UO community researchers to attend Breath of Life 2.0 workshop

A team from the UO is helping lead a workshop this summer at Miami University in Ohio to train scholars to use unique software to restore and preserve indigenous languages at risk of disappearing.

Four UO faculty members, an undergraduate student and a UO alumna will attend the National Breath of Life 2.0 workshop held July 15-19 at the Myaamia Center at Miami University in Oxford, Ohio. The workshop will provide training in the use of the Indigenous Languages Digital Archive, the only available software that allows for the organization, storage and retrieval of digital linguistic archival materials.

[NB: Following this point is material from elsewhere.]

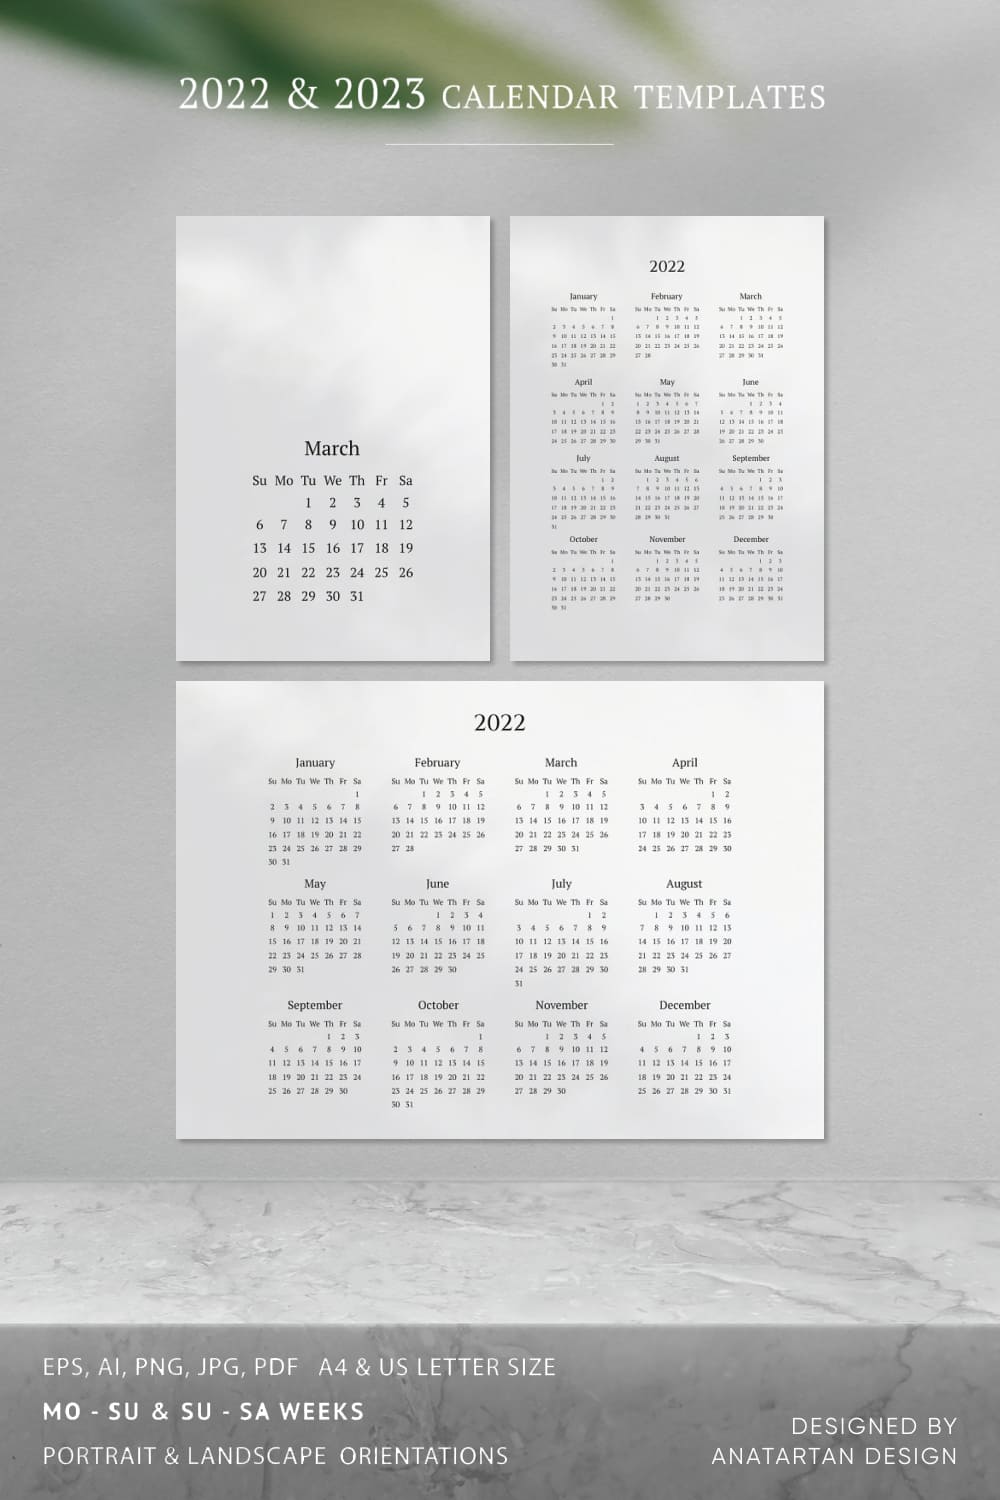 2022 2023 calendar templates pinterest image.

“The field of revitalization of languages that have been dormant at some point has grown dramatically,” said Gabriela Pérez Báez, assistant professor of linguistics and co-director of the National Breath of Life Archival Institute for Indigenous Languages. “ILDA ultimately allows a community to develop an archive that is under their control, organized on their own terms and processed for the purpose of advancing their own goals.”

The researchers are currently working on Nisenan, Oneida, Menominee and Numa, as well as the languages of the Confederated Tribes of Coos, Lower Umpqua and Siuslaw Indians — Hanis, Miluk, Alsea and Siuslaw.

Since 2011, the National Breath of Life has provided training on the use of archival documentation for the revitalization of highly endangered and dormant languages to 117 community researchers from 55 language communities.

The National Breath of Life 2.0 workshop is funded by a grant from the National Endowment for the Humanities. The grant was awarded to Daryl Baldwin, director of the Myaamia Center at Miami University, and Pérez Báez.

A second National Breath of Life 2.0 workshop will be hosted at the UO in summer 2020.